Domenica 6 Maggio | Commento al Vangelo

Commento al Vangelo

Domenica 6 Maggio

Liturgia: At 9, 26-31; Sal 21; 1Gv 3, 18-24; Gv 15, 1-8Domenica 6 Maggio Per essere felici e far nascere cose buone, Gesù implora gli amici di fermarsi nel suo amore. “Rimanere in lui”, un ritornello per sette volte. Gesù è la vite che porta grappoli succosi e per questo è il profeta definitivo atteso dagli ebrei. Da sempre la vite è stata simbolo del popolo d’Israele, divelta dall’Egitto per essere trapiantata in Palestina. Il Padre è l’agricoltore che coltiva la vite-Gesù: è il canto d’amore di Isaia dove il Signore è mostrato come il vignaiolo che cura la casa d’Israele. Per sperare di comprendere bisogna mettersi nell’orizzonte della grande storia d’amore tra Dio e il suo popolo. Il cuore segreto di tutta la storia, anche di quella lontana e assurda, è il rapporto di comunione, altissimo e fragile, continuamente contrastato e aggredito, ma sempre risanato dall’amore di Dio che eternamente si riprende la sposa.
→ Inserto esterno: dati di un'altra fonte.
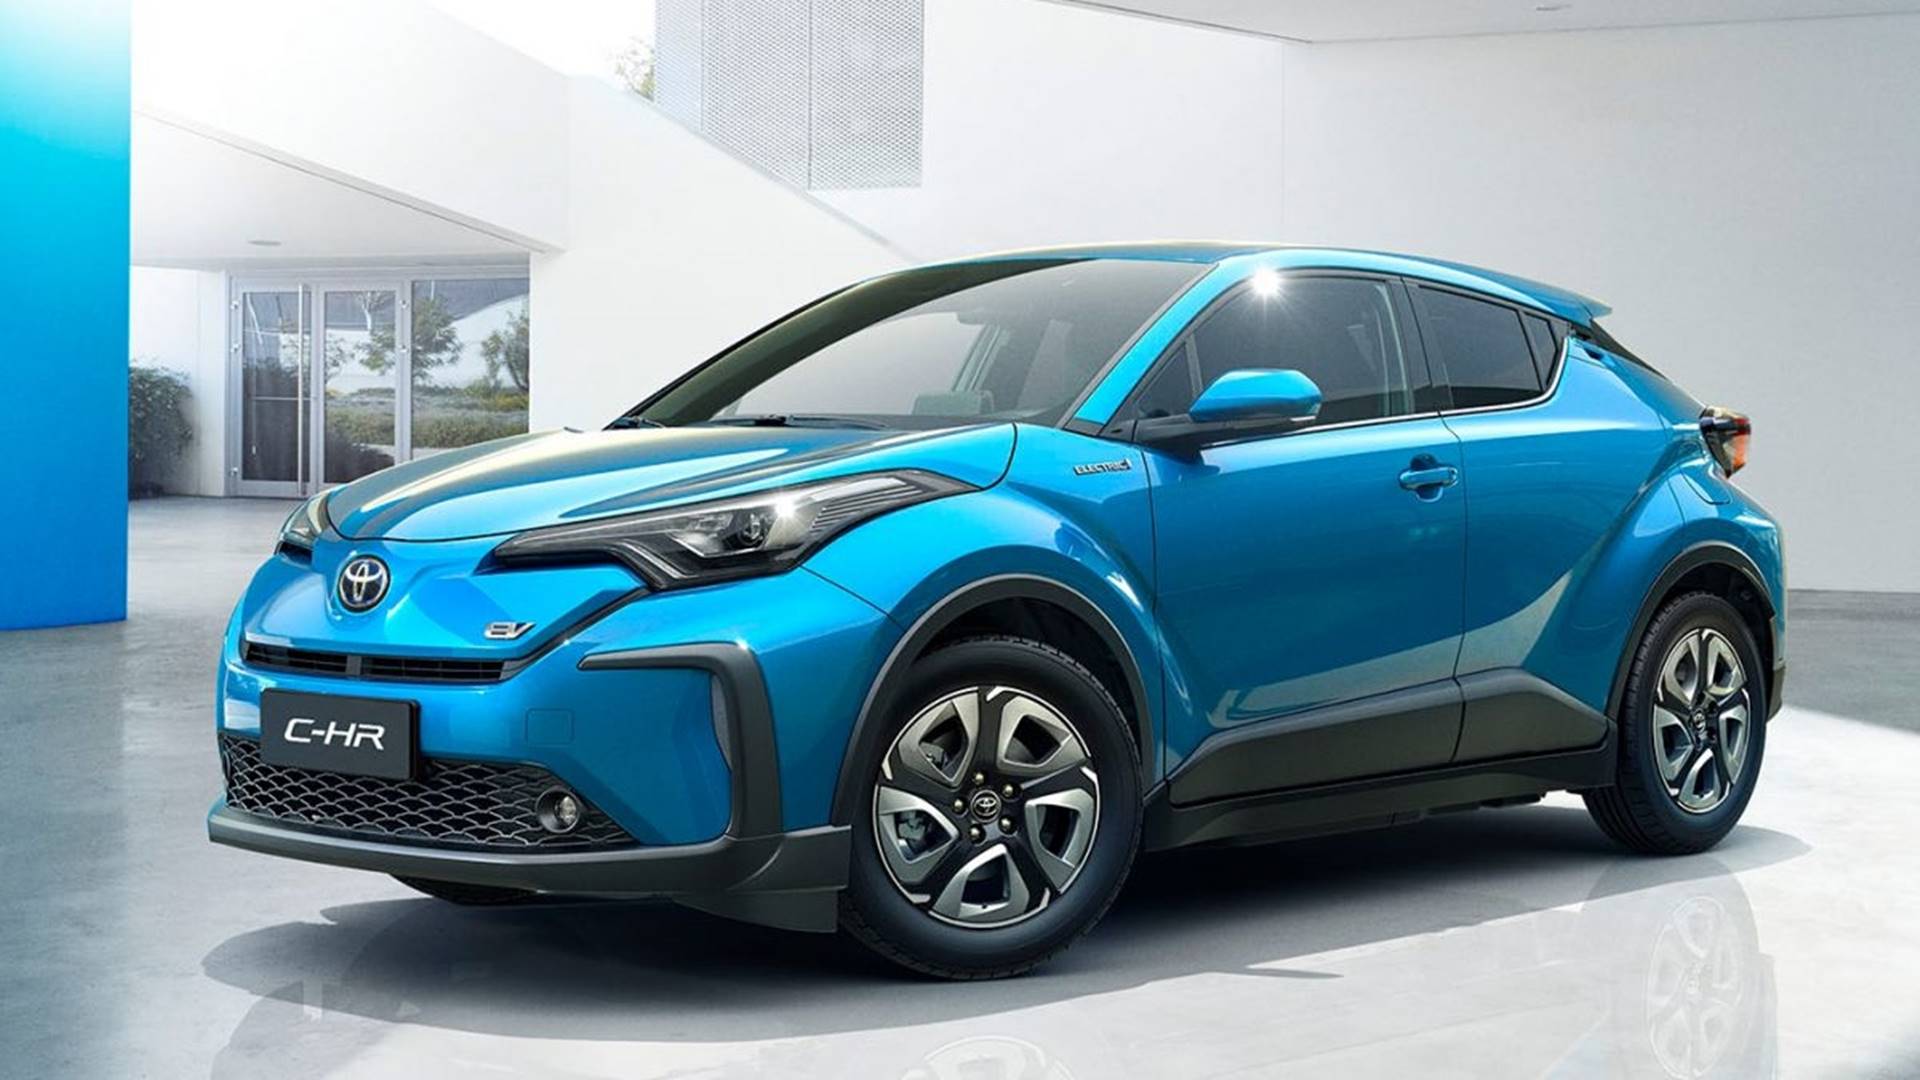 The European Toyota C-HR will have electric - Latest News

Non tutti i tralci danno frutto. Dipende dal rapporto del discepolo con Gesù. La purificazione serve a dare una fecondità maggiore. La parola di Gesù purifica dal male e dal peccato. L’uomo separato non può nulla sul piano della fede e della grazia; non solo è sterile, ma subirà la condanna del giudizio finale. Invece chi resta unito vede esaurite anche le sue preghiere: fecondi nella vita e capaci di dare gloria al Padre.

L’immagine della vite e dei tralci è propria di Giovanni. Negli altri Vangeli si parla della vigna, ma con contenuti diversi. Qui si dice che la vita dell’uomo è nelle mani di Dio, che toglie e pota i tralci, ed è sottoposta al suo giudizio. Tutta l’etica si raccoglie in quel “restare uniti”, la sola e vera responsabilità morale dell’uomo. Dio offre il dono che noi accogliamo restandogli uniti. Si “rimane” in Dio nella misura in cui le sue parole rimangono in noi. Memoria, affetto e lode delle parole del Signore nel nostro pensiero, nel nostro cuore e nelle nostre opere.

Anche la preghiera cambia; non è più un forzare Dio alle nostre istanze, ma volere quello che Dio vuole: “quello che volete, chiedetelo”. Se le sue parole restano in noi, sono esse a educare i nostri pensieri e le nostre implorazioni al Signore, e chiedendo quello che vogliamo chiediamo dentro la sua volontà e pieni di vera gioia perché vediamo ogni cosa nella luce di Dio.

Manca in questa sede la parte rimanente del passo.